I pull him away so I can give him a withering look, and I prod the tip of his nose with one finger. “Alfie’s sister? Do you want me to be like her? You want me to tattle on you? And only look up from my girly games to hit you with a pillow and call you a little shit?”

“No.” Louis barely laughs through his sniff.

“I’ll tell you why I didn’t tell on you, bro. It’s because our parents- and I can tell you this, because I’m old enough- aren’t actually as good at parenting as I am,” I say. “Mum wants to believe everything’s totally fine and Dad wants to believe everything’s horrible, which is why we don’t need to tell them everything all the time. Okay? It’s not because I’m cool. It’s because there’s no point in worrying them.”

He nods and wipes his nose. “Okay. Look, I’m sorry I cried.”

“You’re still crying,” I point out, going to wipe his nose as he shakes his shoulders to get my arm off him. He keeps doing this- realising he’s letting me treat him like a child and then pretending it didn’t happen. I wish he’d pick one or the other; it’s confusing. I love him to death, but he confuses me.

“I- I’m not.” He sniffles again.

“No.” I smile, and he grins back, even though his eyes are still full of tears. “Of course you’re not. You’re a man. You’re the man.”

“I’m the man.”

“Yeah. Now, I need you to promise me something, okay?” I say to him. “And you need to promise me. Swear to me. Can you do that?”

He widens his eyes for a second. He doesn’t nod or shake his head, so I continue. “I don’t know if it was just the one time, or not, but I need you to promise me, in no uncertain terms, you won’t go out after dark by yourself again. Do you swear to me?”

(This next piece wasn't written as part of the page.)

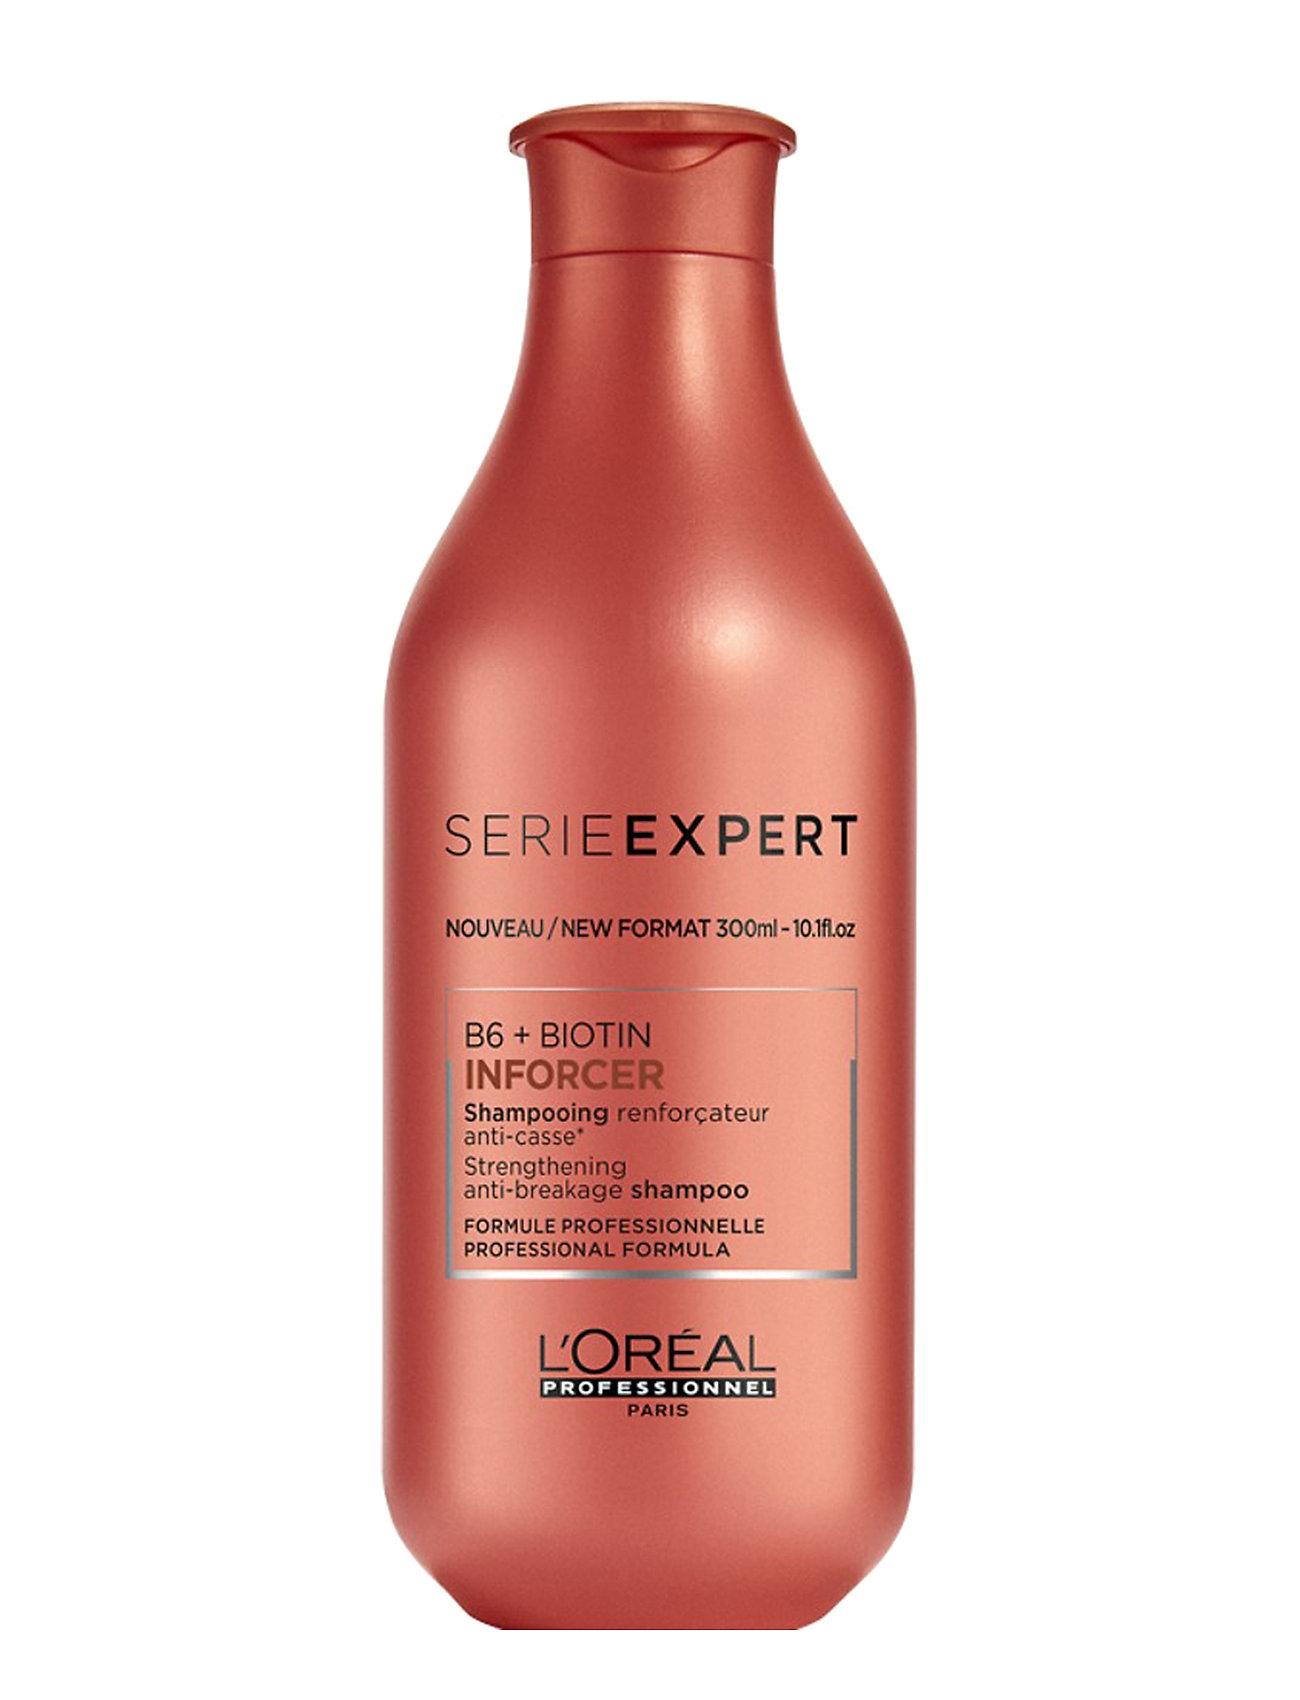 L'Oréal Professionnel L'Oréal Professionnel Inforcer Shampoo - CLEAR

Louis sniffs again and wipes the last of the tears away. “But you…” He says. “You said you wouldn’t tell Mum.”

“Correct. I won’t tell Mum, because she doesn’t need to know things if I know them. I’m eighteen, which means I’m an adult, which means I know exactly what I’m talking about. I’m going to tell you what to do and what not to do because I love you, and I care about you, and I want you to be safe. You can choose whether or not to listen, and I just have to trust you’ll listen to me, because for the next fortnight, I’m stuck in here. But can you- you- you have to promise me, Louis. I’ll never ask you to promise anything else again.”

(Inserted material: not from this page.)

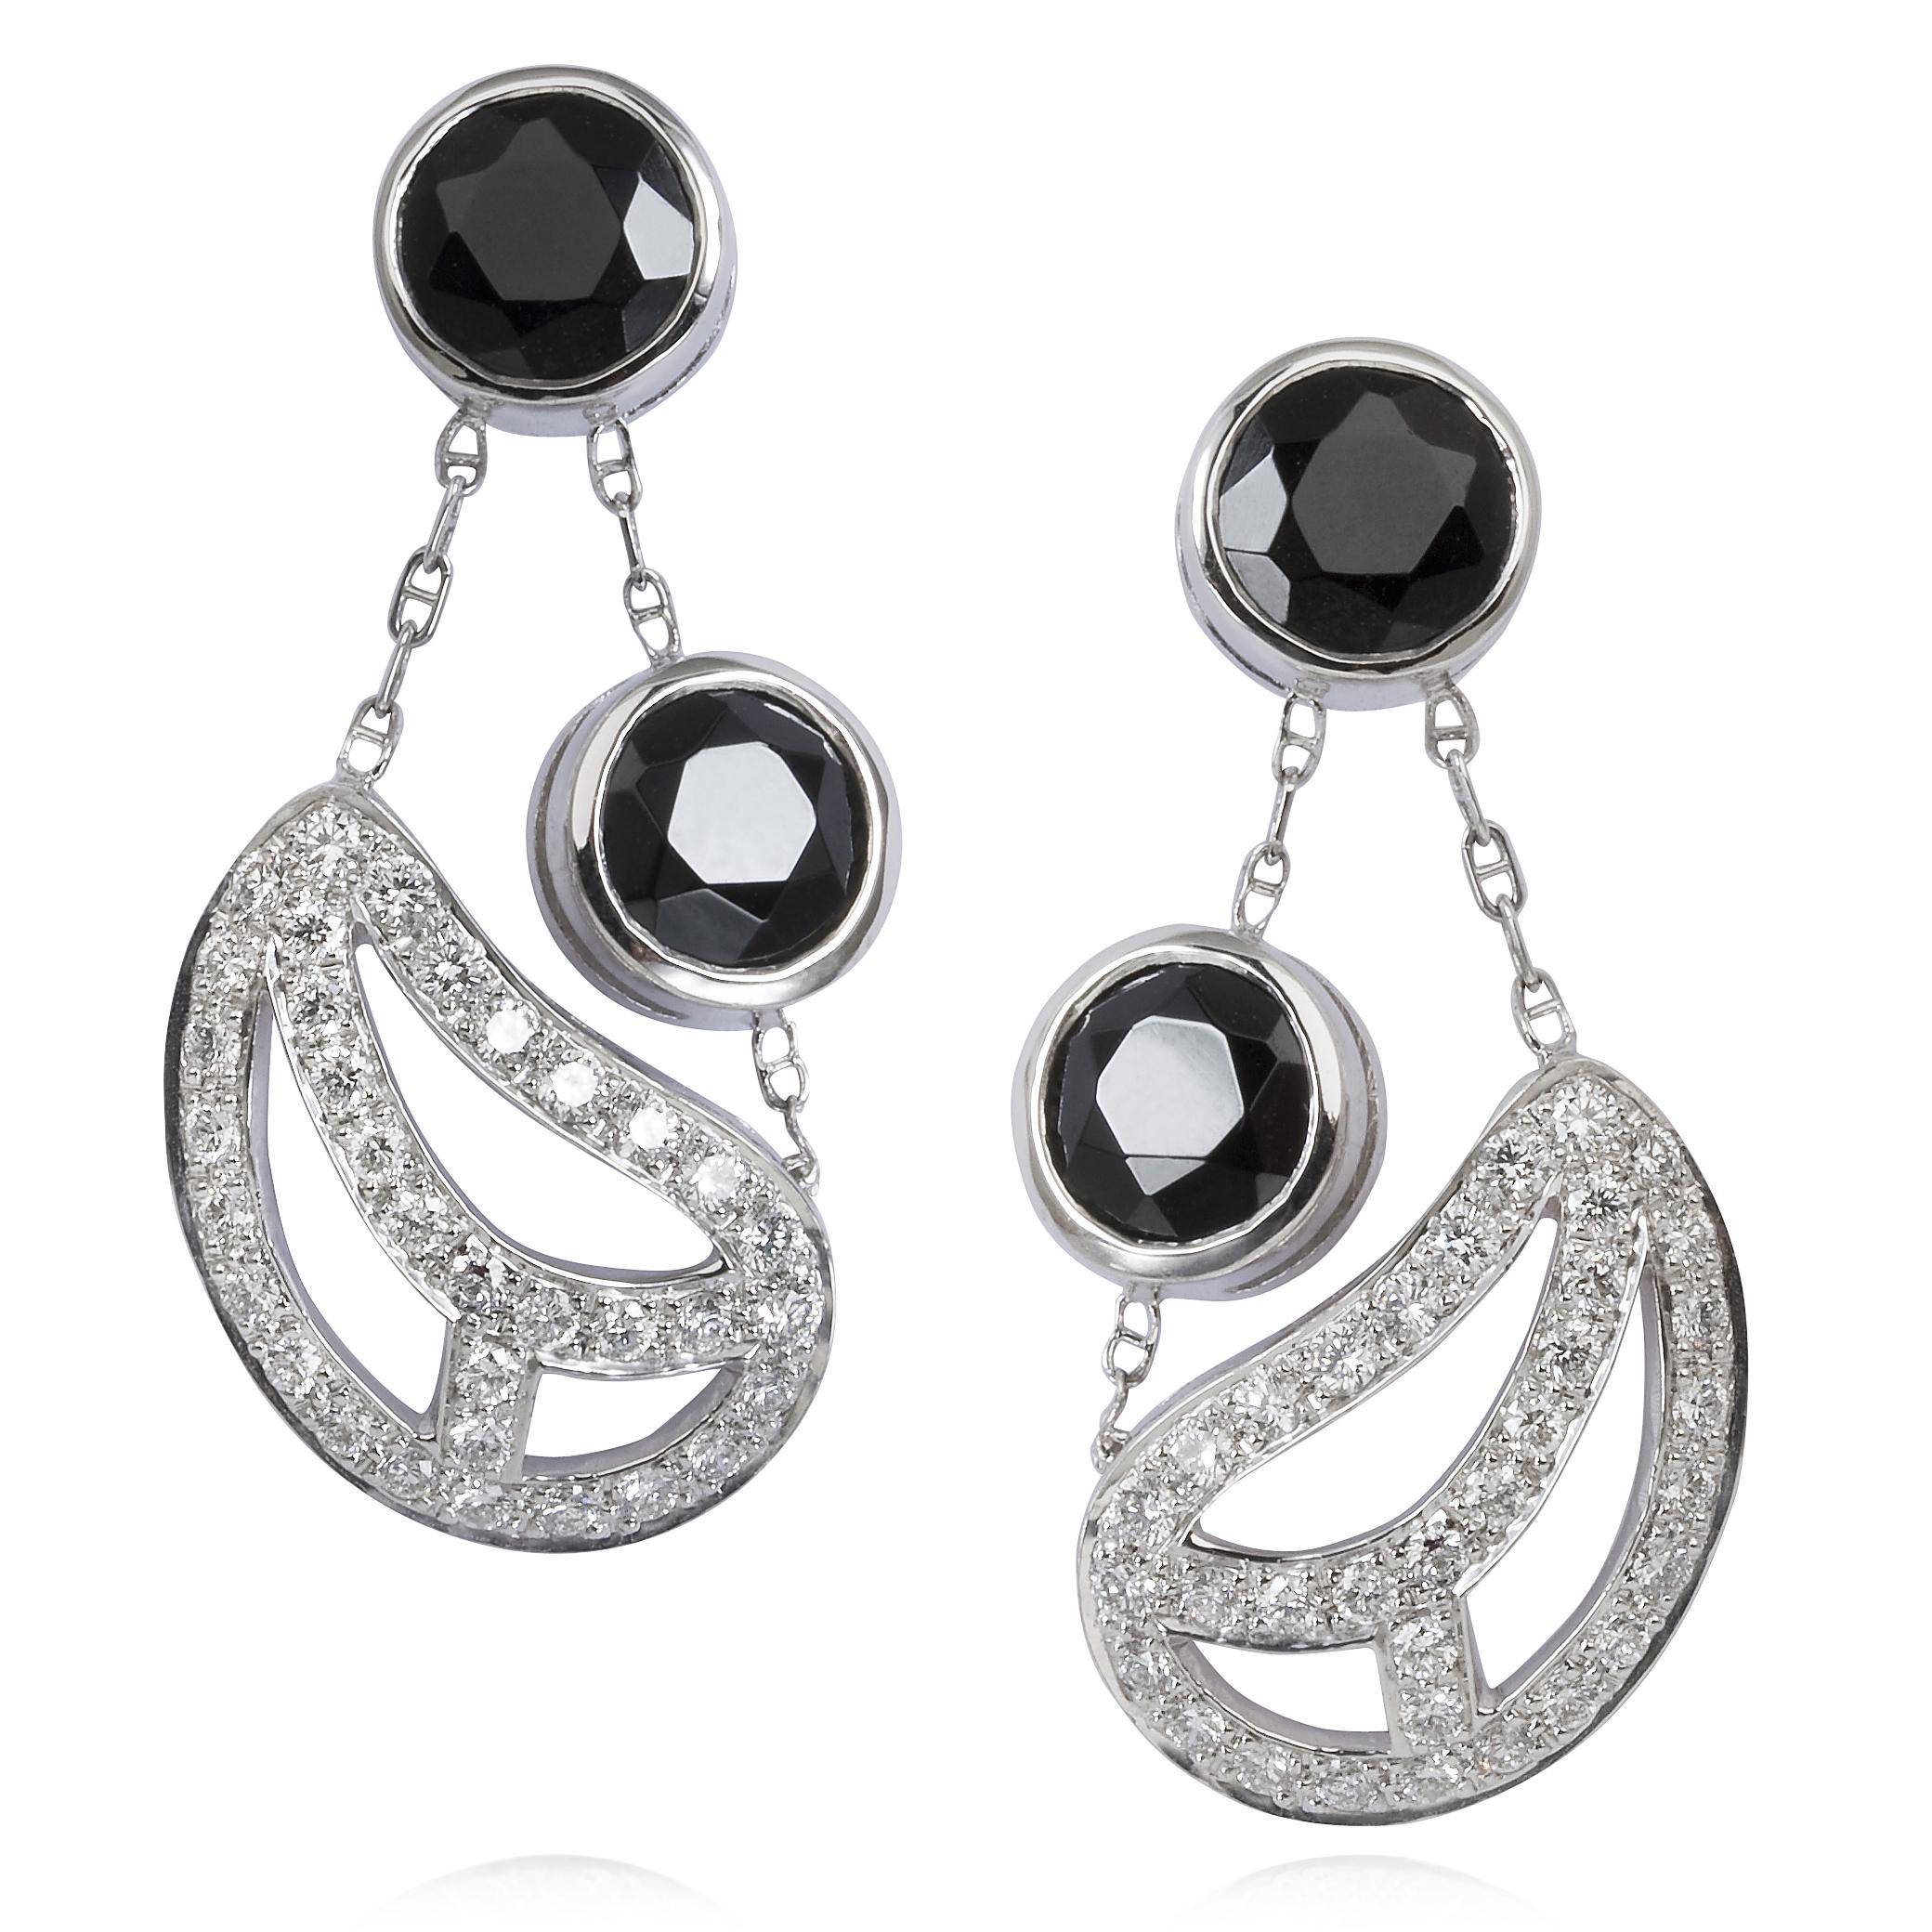 Diamond Leaf Earrings – Black Spinel And Diamonds In 18k White Gold

“But- but I wouldn’t go anywhere near the fo-”

“Louis, I don’t care. I trust you, but I really don’t care where you’re going, because if you’re going outside at night, you’re not safe.”

“Safe.” Louis repeats, looking over my stitched arm, my thick wads of cotton bandaging. “From-”

“Promise me, Louis. Promise me.”

He stares at me. His eyes are still red from crying and there’s a tear about to drip off his nose. Then, quietly, he says, “I promise.”

“Thank you.” I say, and whether or not he wants me to, I grab him and pull him into another hug. “Thank you,” I repeat. It occurs to me he probably thinks I’m asking him to stay out of the forest because I don’t want to get hurt again, not because I’m worried about him; God, how simple things were when I was his age. I’m stitched up like an old sock and I don’t care. I could get shredded and patched a million times worse than this, and I wouldn’t care. As long as I know Louis is safe, I can live with spending the rest of my damned life in this hospital bed. When I first started coming out into the woods, I thought it was because of Poppy. I don’t want revenge. If I had nothing left to lose, I’d walk right out into those woods and let them tear me apart without a fight.

I don’t want to avenge what I’ve already lost. I want to protect what I’ve still got. This is my family, and nobody’s going to touch them. I’ll keep them safe. Even if it kills me.